Chapter 14 Market Structure and Degrees of Market Power

Market Structure and Market Power

Overview of Market Structures

  • Four Market Structures:
    • Perfect Competition
    • Monopolistic Competition
    • Oligopoly
    • Monopoly
  • Key Concept: Market structure shapes the degree of market power a firm has.

Market Power

  • Definition: The ability of a seller to charge a higher price without losing many customers.
  • Influence on Pricing Strategy: Market power defines how companies set their prices based on competition levels.

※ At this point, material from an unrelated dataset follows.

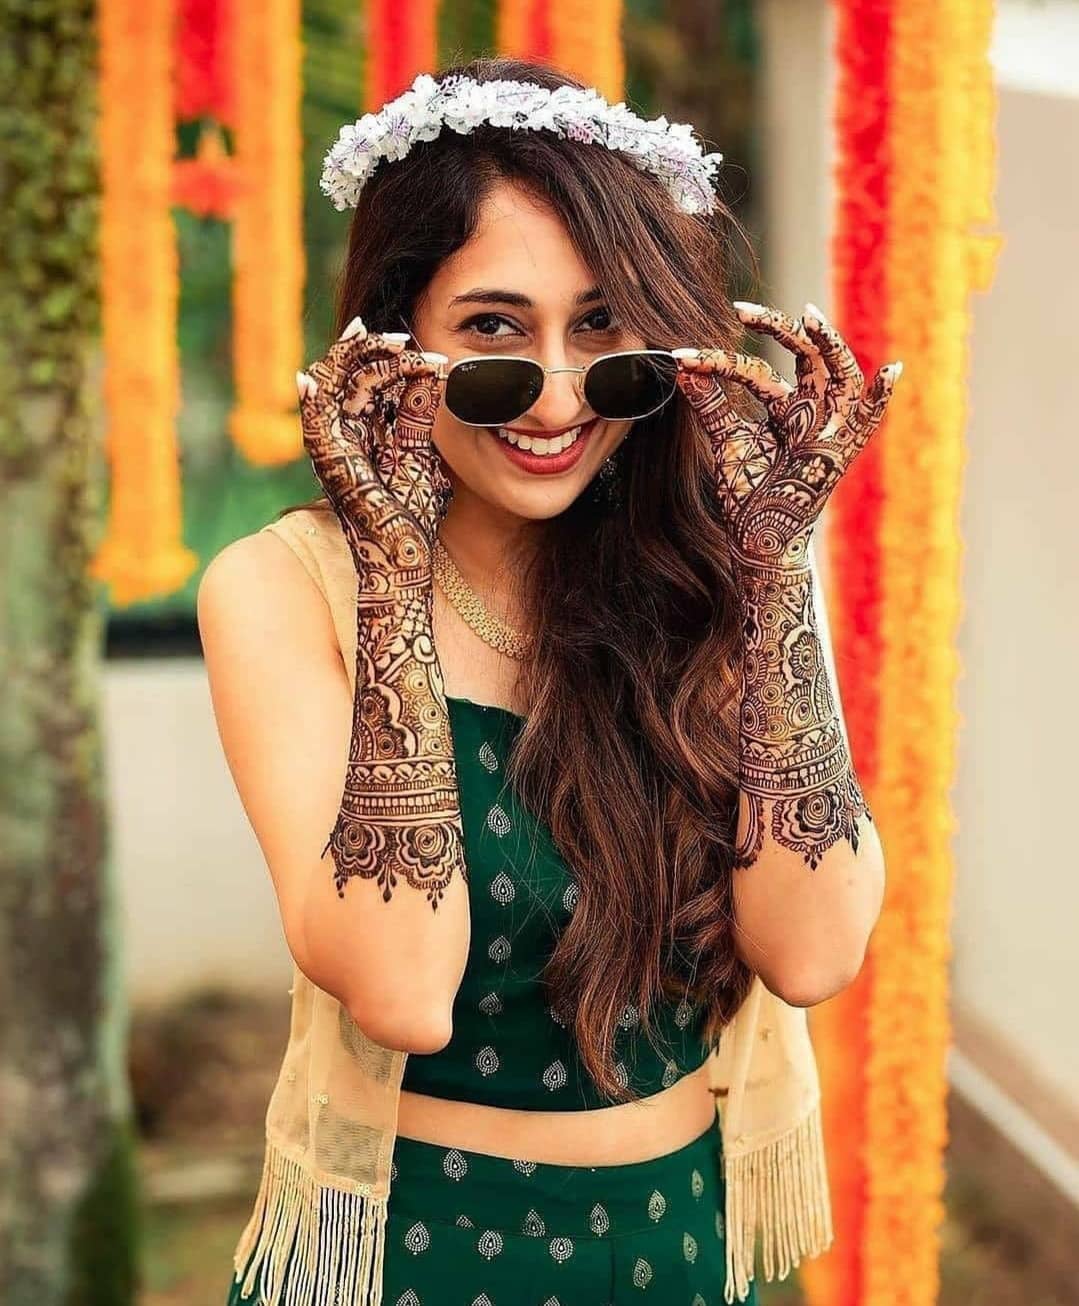 18 Sensational Henna Designs | World's Best Wedding Photography

Types of Market Structures

1. Perfect Competition
  • All businesses sell identical goods.
  • Characteristics:
    • Many buyers and sellers.
    • No single firm has market power; firms are price takers.
  • Examples:
    • Agricultural markets (e.g., corn).
    • Commodity markets (e.g., oil).
    • Stock markets (e.g., shares of Apple).
2. Monopoly
  • A single seller in the market.
  • Characteristics:
    • No close substitutes available.
    • Firms have significant market power; they are price setters.
  • Example: De Beers Diamonds—controlled a major share of the diamond market for years.
3. Oligopoly
  • A market dominated by a few large sellers.
  • Characteristics:
    • Firms hold substantial market power; pricing decisions are interdependent.
    • Products can be similar or differentiated.
  • Example: Cellular service market dominated by AT&T, Verizon, and T-Mobile.
4. Monopolistic Competition
  • Many small businesses selling differentiated products.
  • Characteristics:
    • Each firm has some market power due to product differentiation.
  • Example: Different types of apples and jeans brands differentiate themselves through quality and marketing.

The Spectrum of Market Power

  • Imperfect Competition: Includes monopolistic competition and oligopoly where firms have some market power but not as much as monopolists.

Implications of Market Power

  • Higher Prices: Firms can charge above marginal costs.
  • Smaller Quantity: Market power results in underproduction compared to perfectly competitive outcomes.
  • Larger Profits: Firms with market power can earn larger economic profits.
  • Survival Despite Inefficiency: Firms can operate with high costs without competitive pressure.

Setting Prices with Market Power

  • Demand Curve: Shows how quantity demanded changes at different prices.
  • Marginal Revenue Curve: Reflects the additional revenue from selling one more unit.
  • Optimal Pricing: Set quantity where marginal revenue equals marginal cost and price from the demand curve.

Public Policy Solutions

  • Encouraging Competition:
    • Anti-collusion and merger laws to prevent monopolization.
    • Promote international trade to enhance competition.
  • Minimizing Harm:
    • Implementing price ceilings to control excessively high prices.
    • Regulating natural monopolies.

Key Takeaways

  1. Market structure dictates market power.
  2. Market power allows pricing above marginal costs.
  3. Market power typically results in higher prices and lower quantities.
  4. Government intervention is crucial to maintain competitive markets and limit abuse of market power.